# Task to carry out:
An exact copy is needed of the lines in the entries below from the line with "La importancia de" up to and including the line with "obama-morehouse-2013.jpg", and of nothing else. Leave the pictures out.

# Records supplied:
⁂

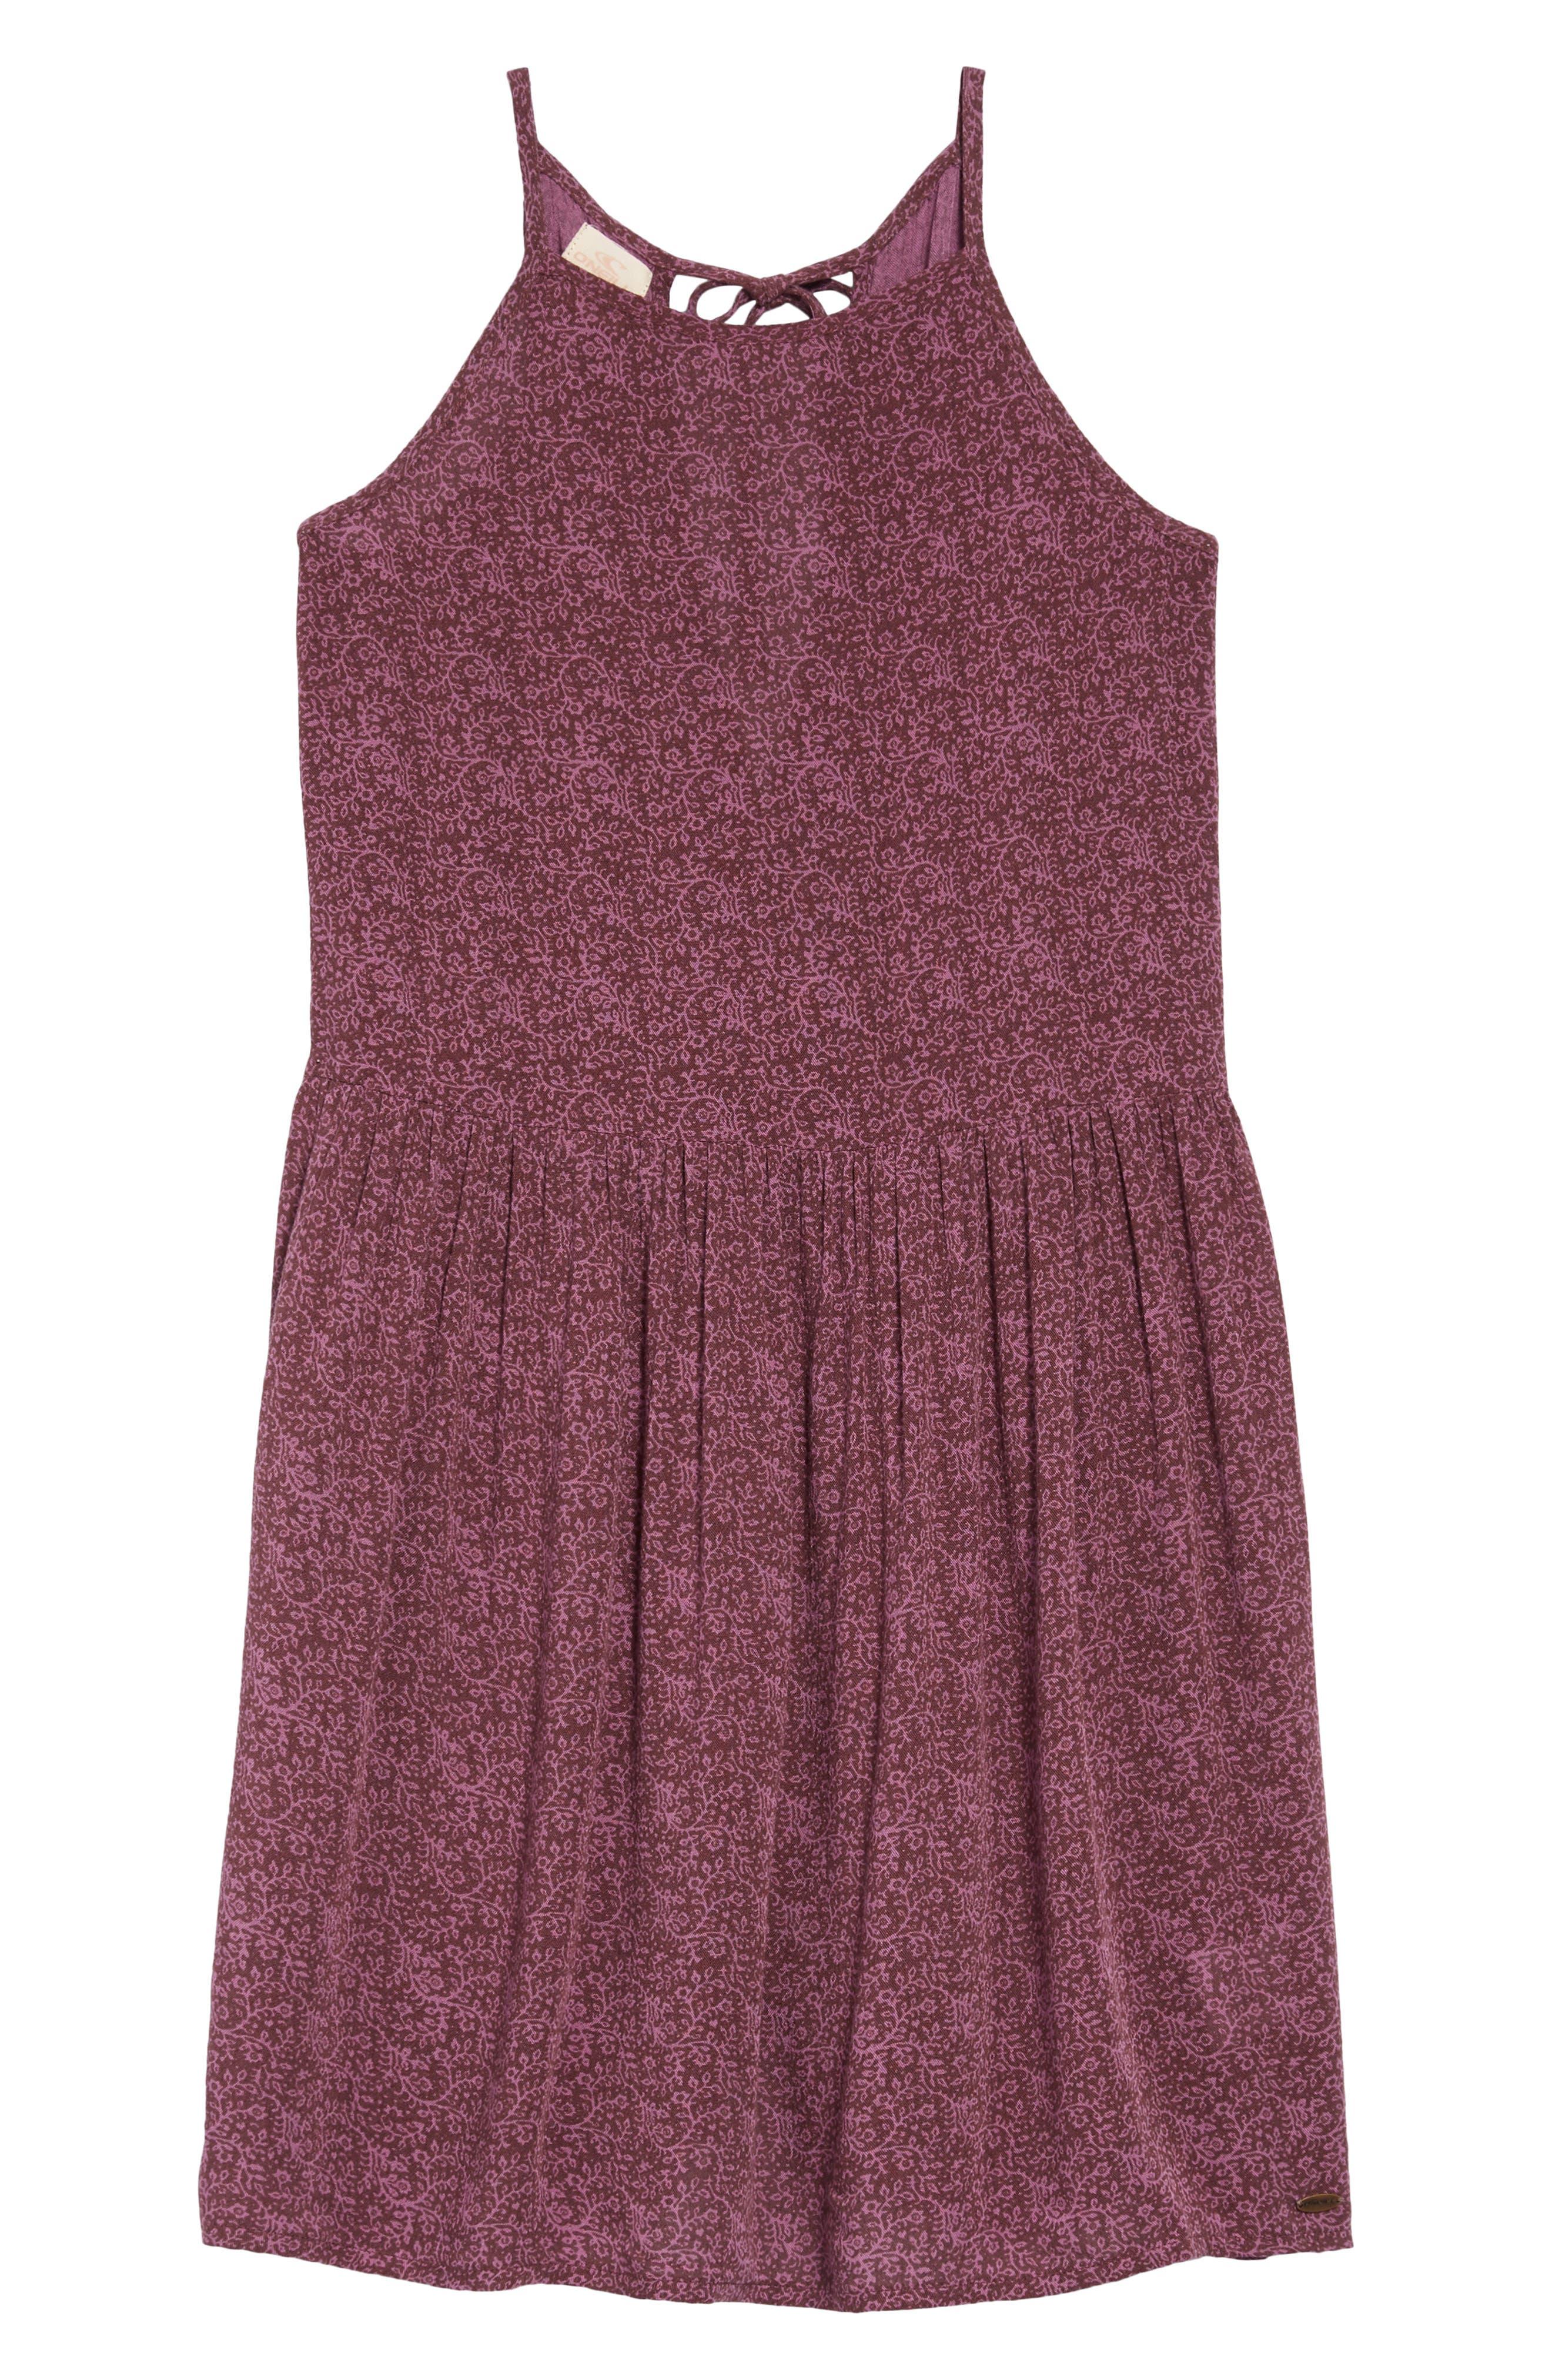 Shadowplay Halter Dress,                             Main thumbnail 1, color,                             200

⁂

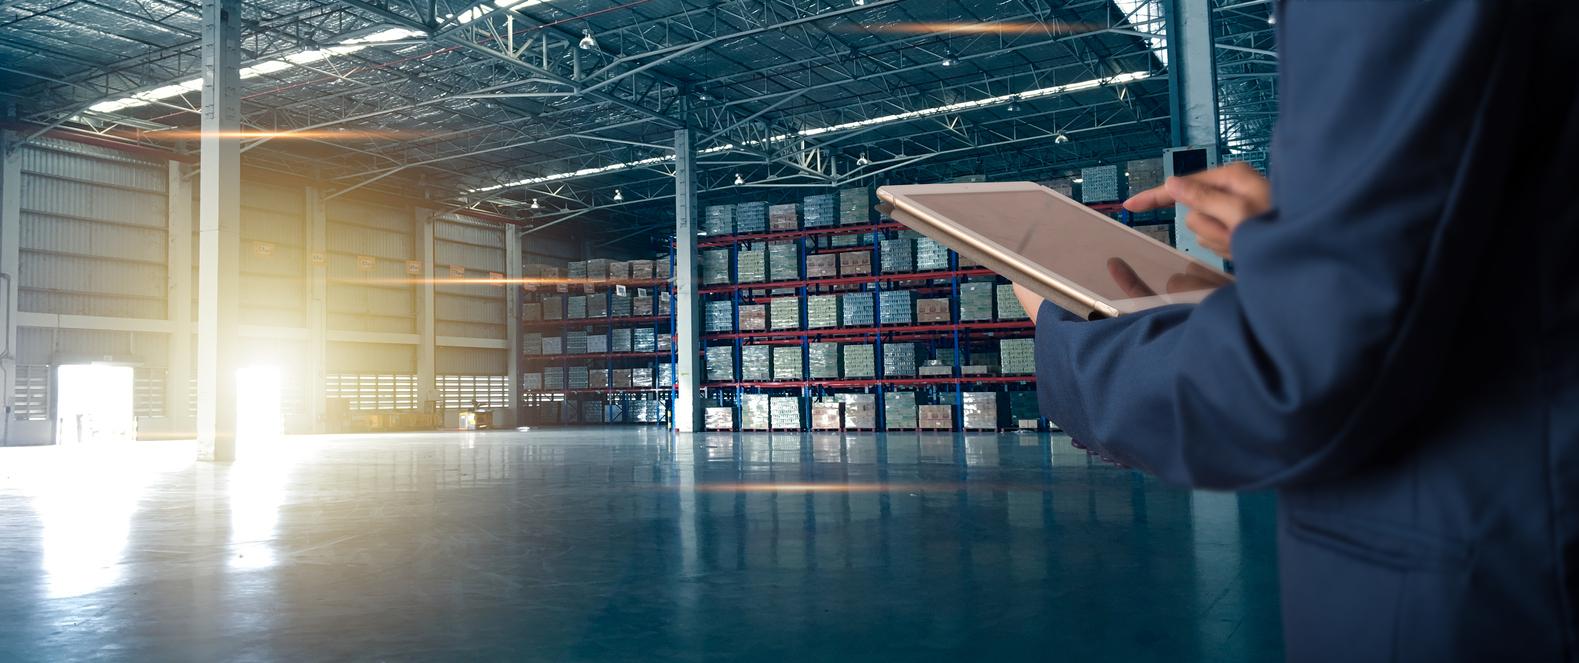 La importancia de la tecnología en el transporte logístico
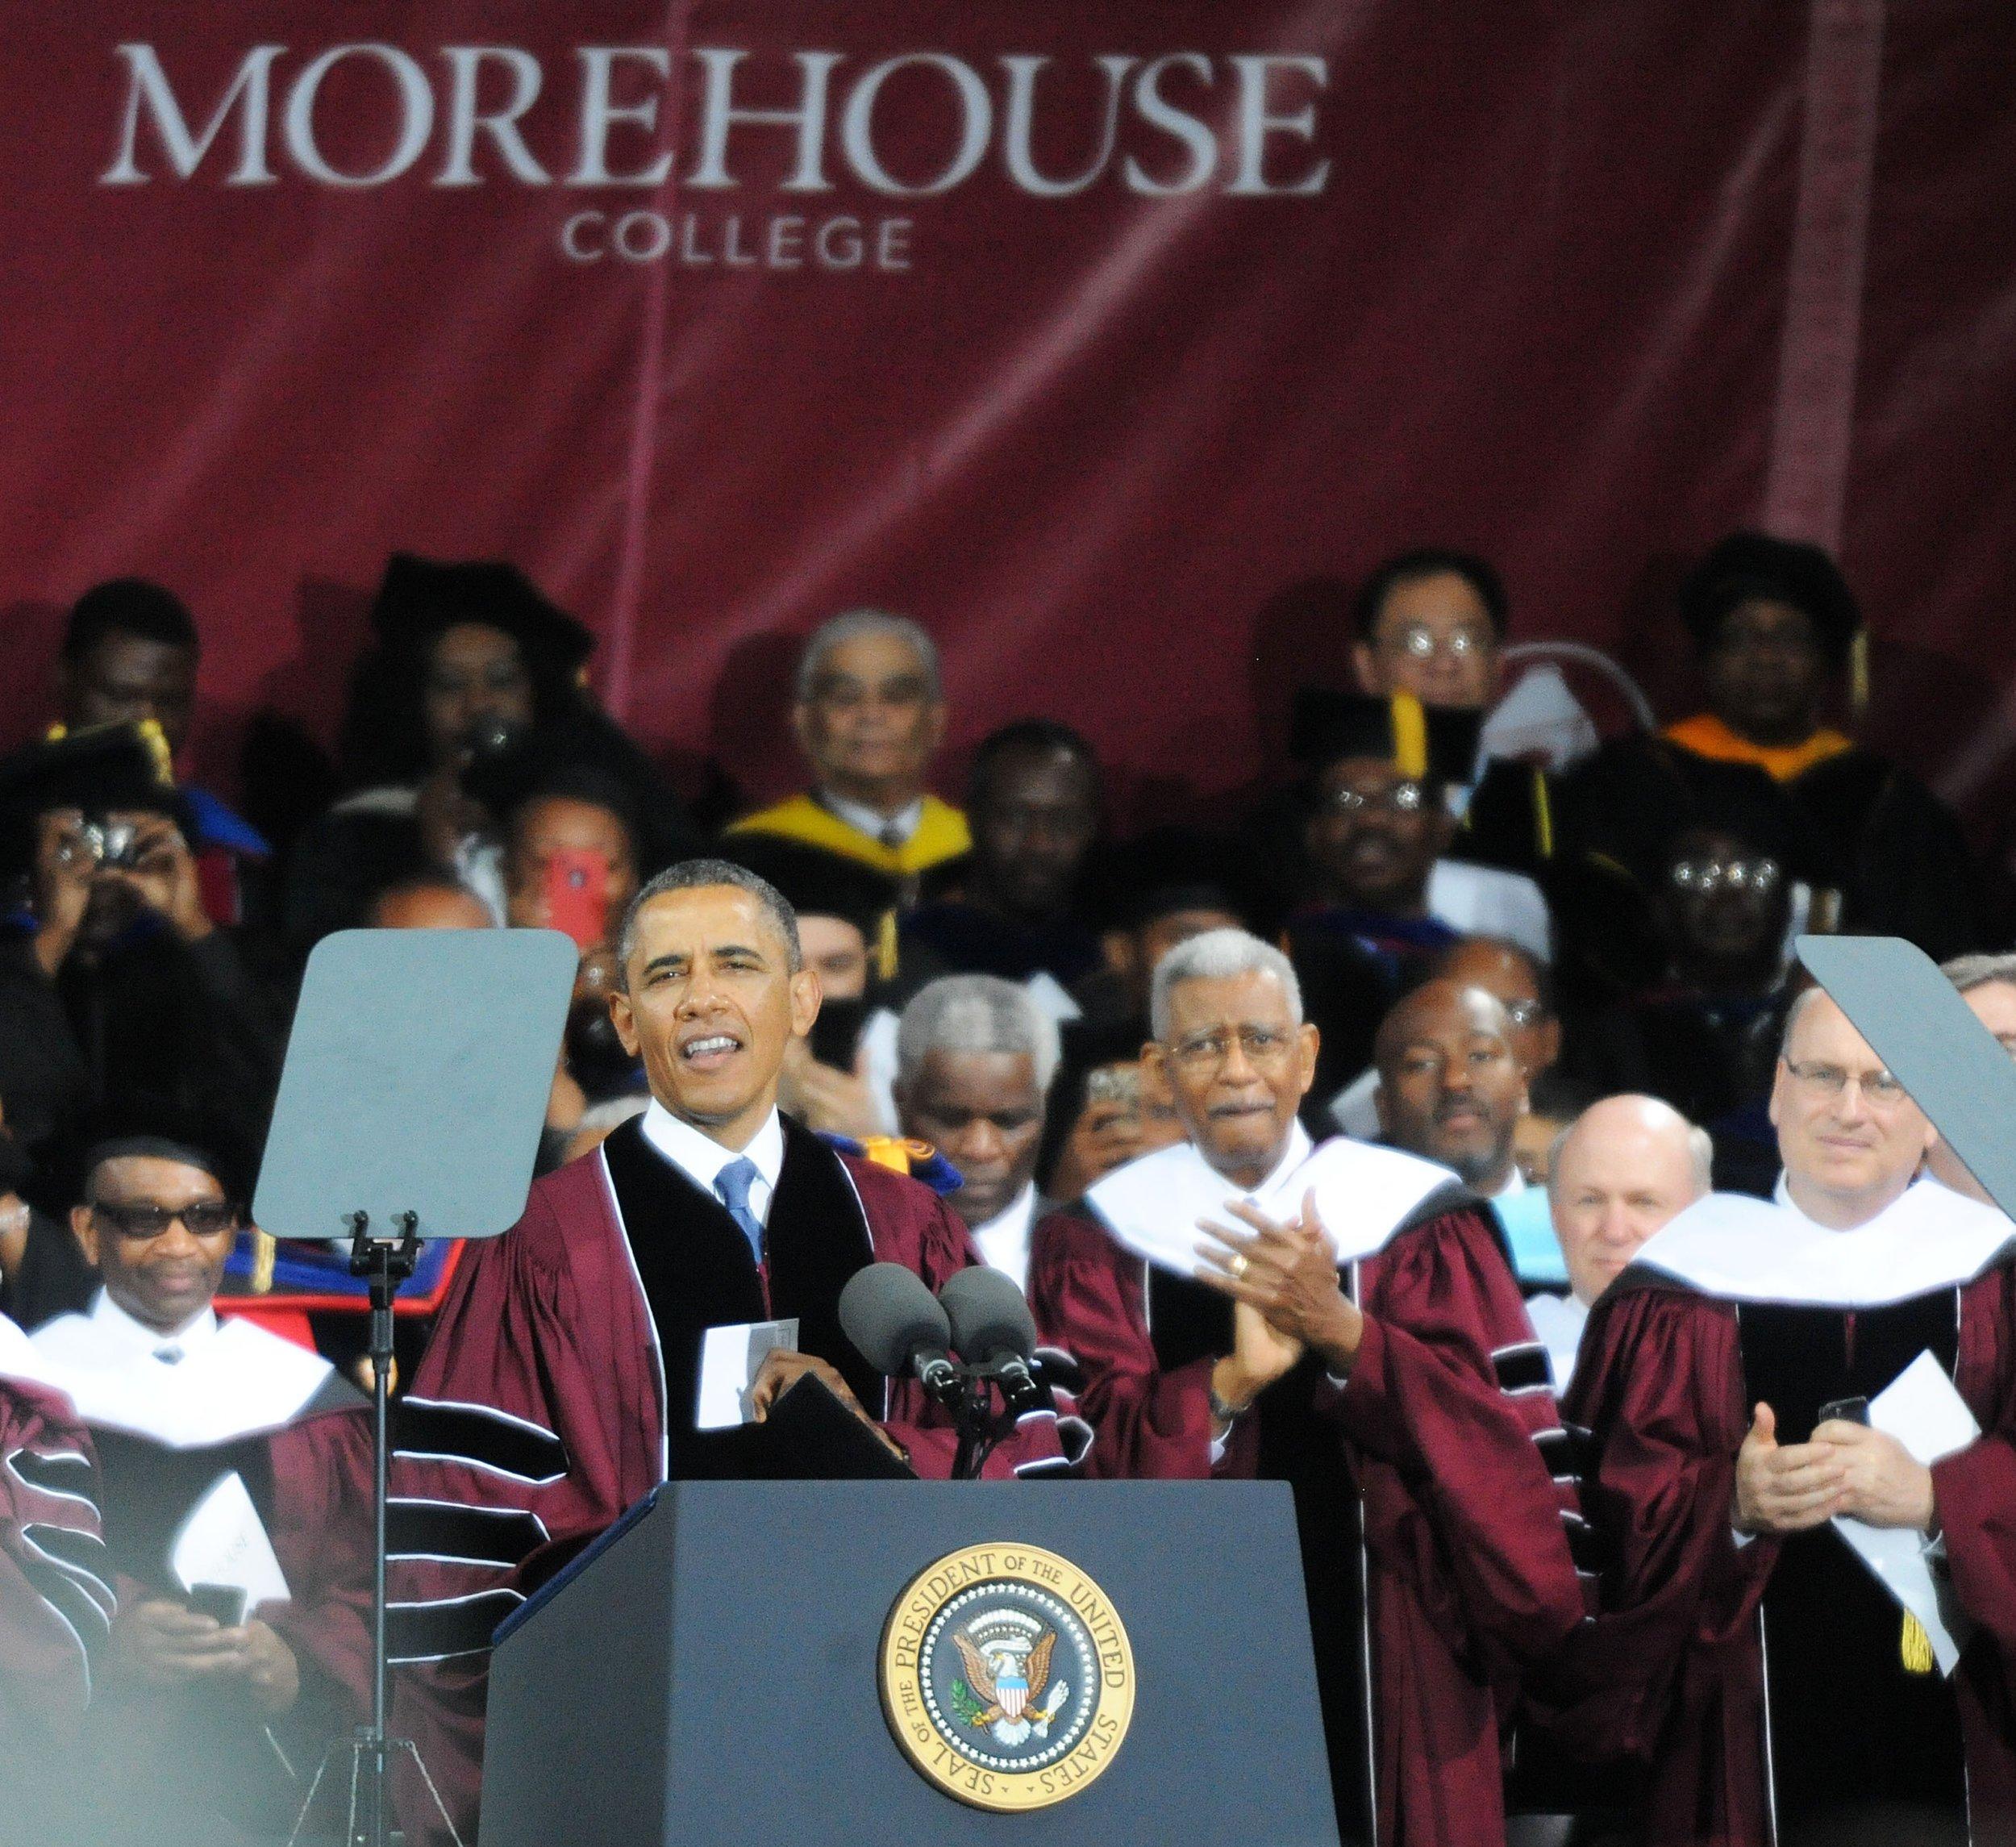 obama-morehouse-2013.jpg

⁂

# Reply to the exercise:
 La importancia de la tecnología en el transporte logístico
 obama-morehouse-2013.jpg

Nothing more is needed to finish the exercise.